A interpretação dos valores do SRI foi feita da seguinte forma: em caso de valores ≤1,5, a correção EXIT-like foi considerada aplicável e provável; para valores maiores do que 1,5 e menores do que 2,5, a correção EXIT-like foi considerada aplicável e possível; e para valores ≥2,5, a correção EXIT-like foi considerada pouco provável.

O objetivo da avaliação prospectiva do índice foi garantir a oportunidade da cirurgia “minuto zero”, ou seja, se o SRI estava abaixo de 1,5, o parto era programado para entre 36 e 37 semanas, e se o SRI tivesse aumento progressivo antes de ultrapassar 2,5, o parto era programado para quando a idade gestacional passasse de 34 semanas.

A técnica EXIT-like foi planejada em casos em que o SRI estava abaixo de 2,5, sendo favorável à redução primária no “minuto zero”. Este procedimento é caracterizado pela reintrodução completa das alças intestinais no abdômen fetal, utilizando a circulação fetal-placentária, ou seja, antes do clampeamento do cordão umbilical. O procedimento difere da técnica clássica do EXIT, já que não há necessidade de anestesia geral nem de medicamento para relaxamento uterino.(1818. Svetliza J, Espinosa AM, Gallo M, Vélez MA. New perinatal management by the procedure Simil-EXIT. Rev Colomb Salud Libre. 2011;10:11-22.)

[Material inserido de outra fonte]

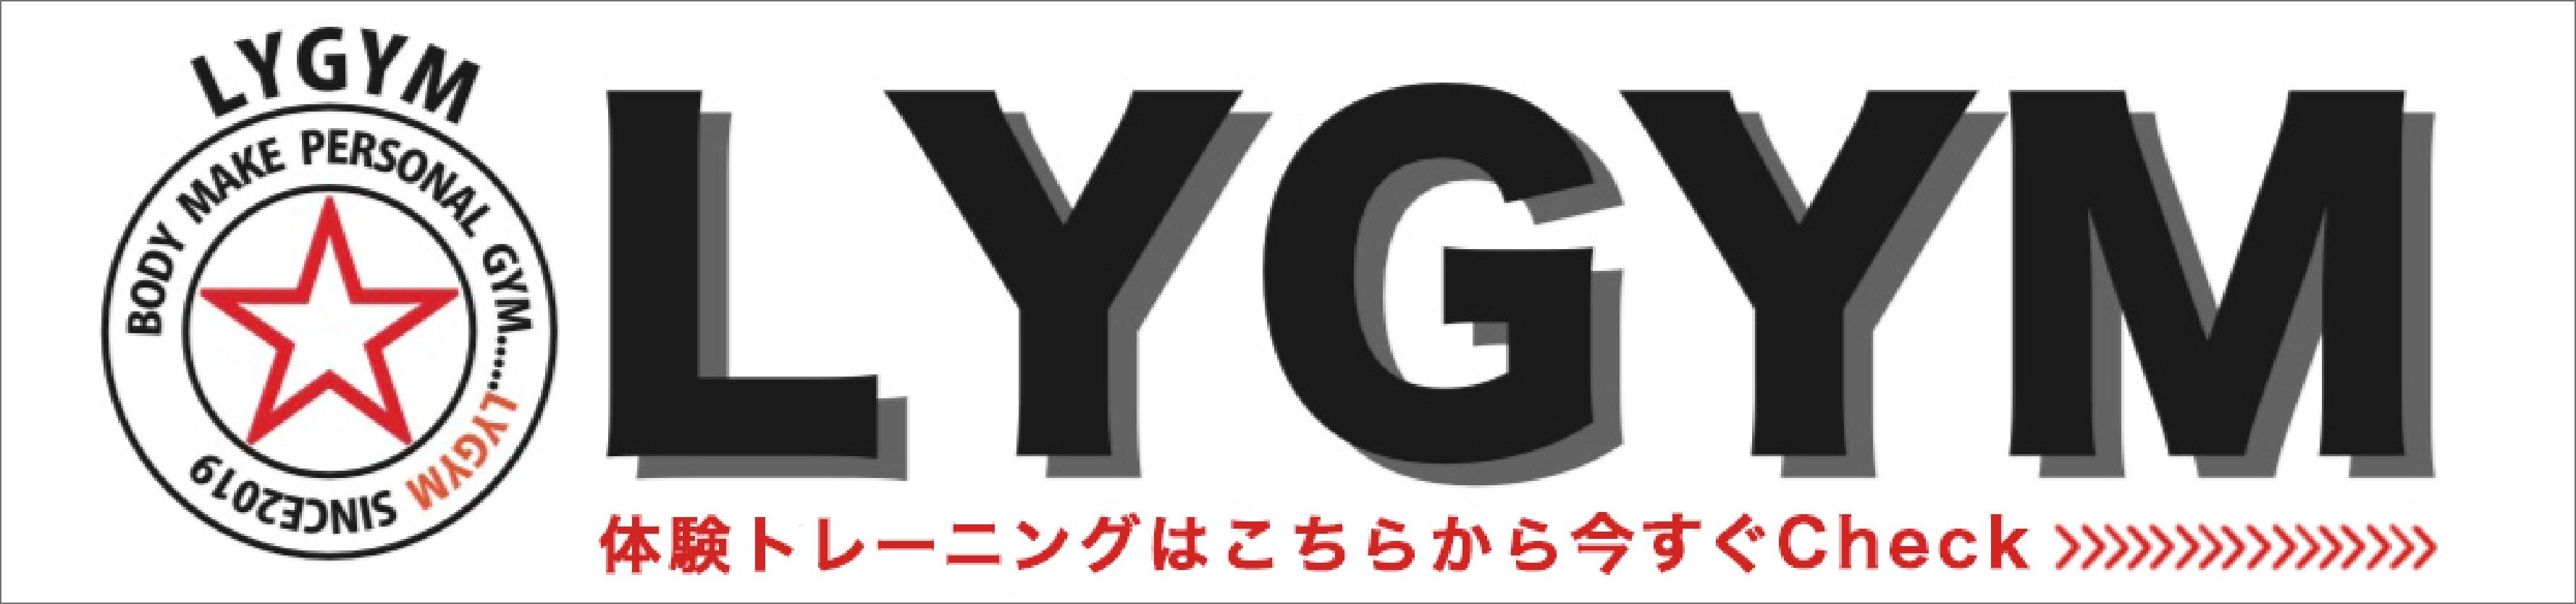 LYGYM体験トレーニングはこちらから今すぐチェエク

Para a técnica EXIT-like, a sala cirúrgica foi preparada da mesma forma que para uma cesariana, com a adição de uma mesa acessória com o material necessário para correção de gastrosquise, incluindo pinça atraumática para manipulação segura das alças intestinais, além de berço aquecido para os neonatos após clampeamento do cordão umbilical. Além disto, outra sala cirúrgica foi preparada para o caso de necessidade de anestesia geral para o neonato.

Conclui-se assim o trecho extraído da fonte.